Hey friends and fam! If you know me at all, then you know I’m always thinking about movement as it relates to health and performance. After some deep podcast chats with David Weck, I’ve been thinking hard about an idea he shared: human survival as the ultimate metric for understanding, analyzing, and teaching movement. Thinking about this idea has enriched how I see every step I take. At our core, we are apex predators. Our ancestors didn’t hit the gym for biceps or squat PRs. They moved to live, to survive and to thrive, by developing physical capacity in locomotion, swinging, throwing, catching and carrying. It’s a first-principles anchor to answer “What is movement for?” Not six-pack abs or Instagram likes, but physical capacity to thrive. This principle can guide how we train, how we analyze what works, and how we teach it.
But why doesn’t it? Our fight-or-flight response ability made us so successful as a species that now, sitting on our couches with takeout, we don’t even think about survival anymore. Modern life’s a far cry from what forged our physical capacity. Also, the mainstream fitness industry is steering us in the wrong direction.
Modern Life’s Disconnect
First off, the world we live in now is light-years from what shaped us. Back then, locomotion meant outrunning a predator or trekking miles for water. Throwing was life-or-death. Miss the deer, and you’re hungry. Even if you make the kill, can you carry it back to camp? Those capacities were high stakes, baked into our DNA over millennia. Today? I’m typing this at a desk, and you’re probably reading it on a phone. Survival is a grocery run or a Zoom call. Our bodies are built for apex-predator action, but we’re barely tapping that capacity with sedentary lifestyles.
However, even a sedentary person still takes over a million steps a year. Locomotion is still an inexorable part of the human experience whether you’re just walking, running or playing a field sport. Each step is a rep, and if those reps are sloppy and unbalanced, then we’re wearing ourselves out rather than fortifying ourselves. David Weck says, “Every ancestor that made it, walked with perfect balance.” I’ve enjoyed my runs more as I think about running like a hunter whose life depends on a successful kill, making it smoother, more efficient, and effortless. It’s more fun that way.

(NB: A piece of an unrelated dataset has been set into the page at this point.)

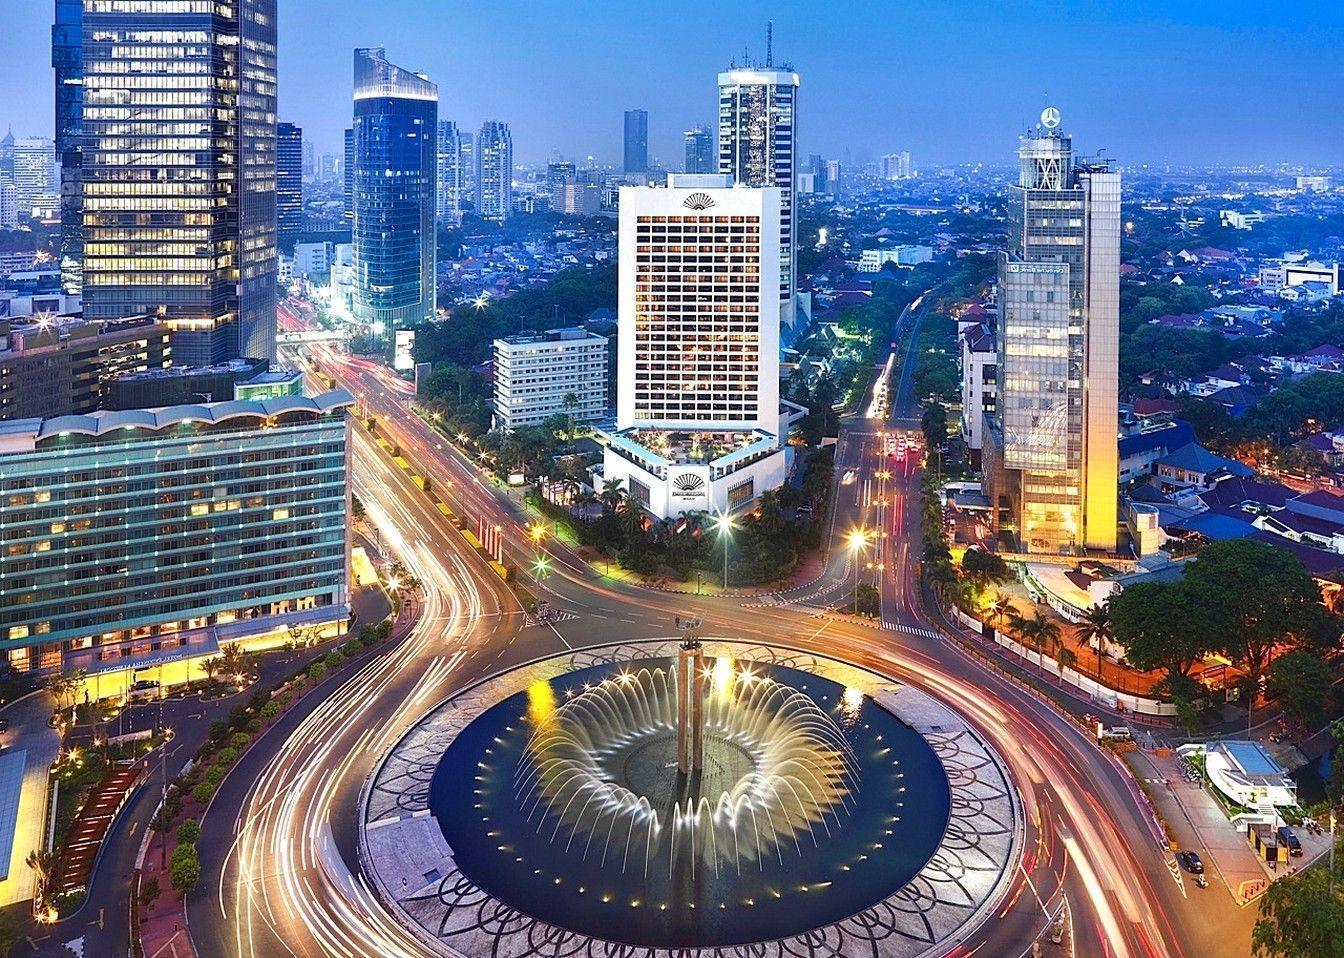 3141x1335px Jakarta (633.29 KB).07.2015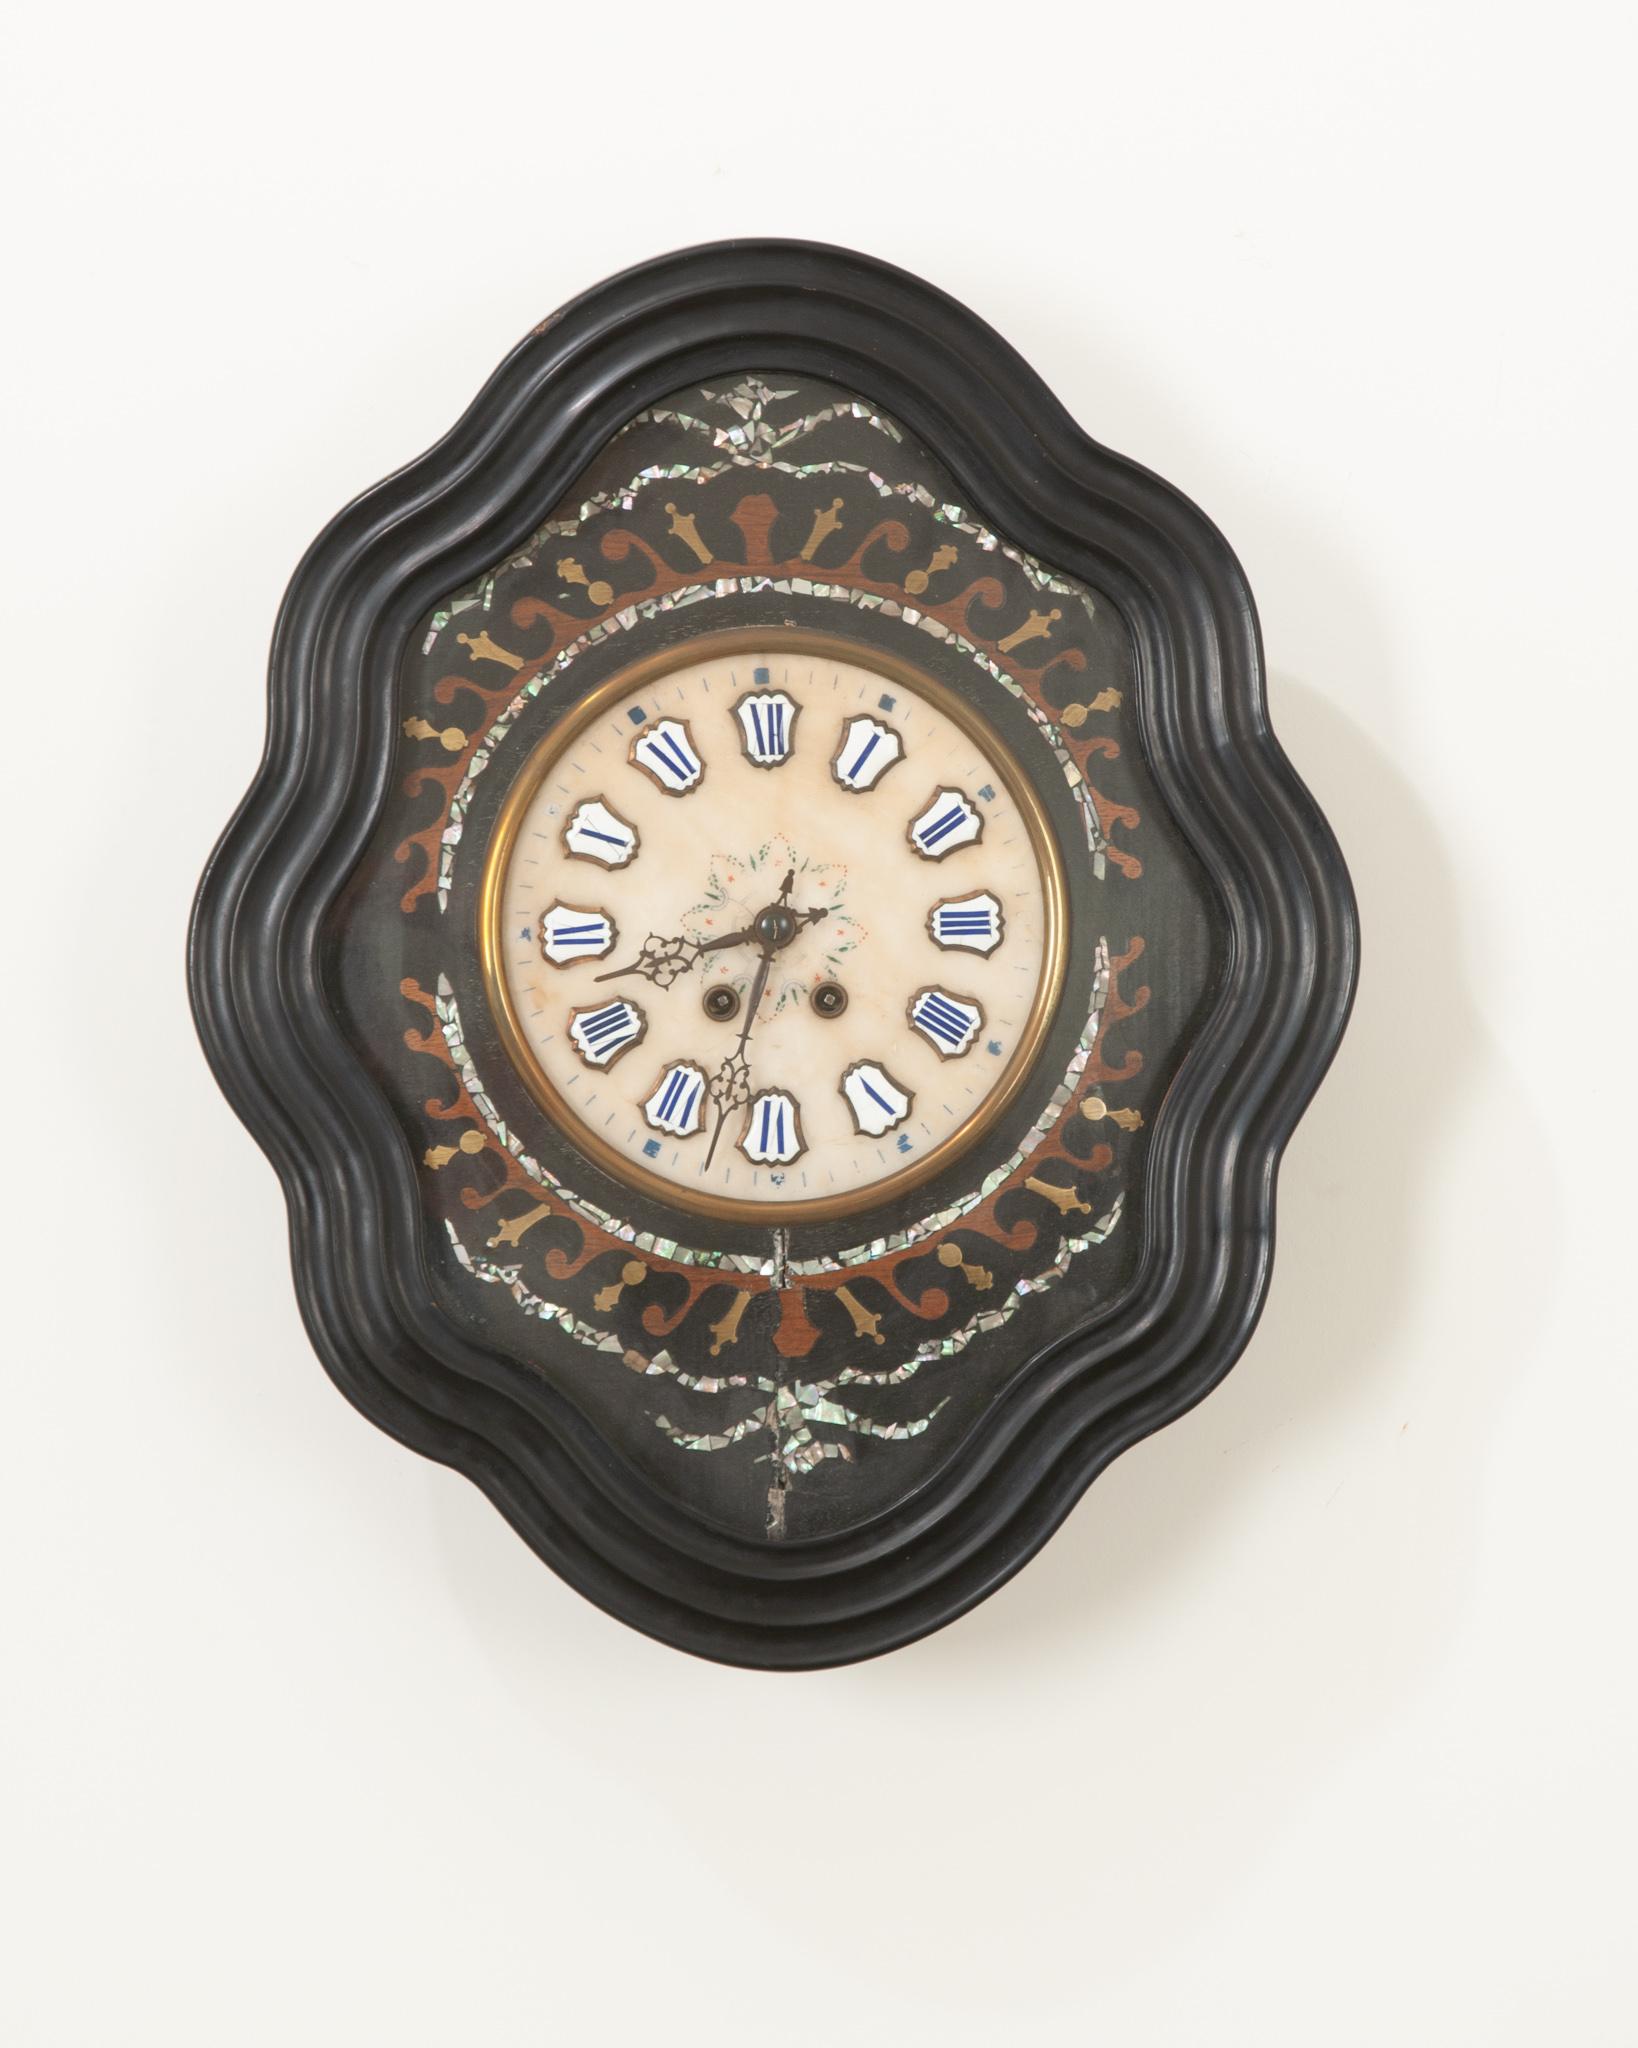 Cette horloge du 19e siècle est étonnante avec son cadre en bois peint à l'ébène en forme de losange ondulé. Des motifs floraux et feuillagés en nacre sont incrustés dans de l'acajou teinté différemment et de la nacre brillante, entourant le cadran

Mainstream Fitness Industry
Besides modern life dulling our connection to survival as a source of movement knowledge, the mainstream fitness industry also steers us in the wrong direction by teaching that the spine's primary function is to resist rotation. This is epitomized by the Pallof press exercise, where you brace hard, squeezing the whole body against an external force, training a “deer in headlights” response. David Weck calls it “insidiously harmful” because it trains a glitchy, nervous nervous system, leaving you hesitant and primed for a career-ending non-contact injury. Movement for survival isn’t stiff. It’s fluid, coiled, and rotational.
Mainstream fitness industry divides movement into separate planes like sagittal (front-back), frontal (side-side), and transverse (twist), then concludes that it’s optimal to brace the core and keep the spine stiff as we move through these planes individually. However, survival doesn’t care about planes. Locomotion and the other capacities of survival require the spine to coil across all planes simultaneously. A stiff, segmented approach betrays our design, dulling the fight-or-flight response ability we’re built for.
Summary and Conclusions
Survival is the ultimate metric for understanding movement. Locomotion, swinging, throwing, catching, and carrying are the roots of movement for us humans as apex predators. However, now we’re parked at desks, steps are to the fridge, and survival’s a non-issue. Furthermore, the mainstream fitness industry has fragmented movement and pushed stiffness over spinal fluidity, resisting what survival demands. We’ve drifted far from our ancestral blueprint but we can shift the focus back on survival by relating to gait. Locomotion is an unavoidable part of being human even when sedentary. By coiling the spine, we can learn to walk with perfect balance cultivating joy in movement for the long run.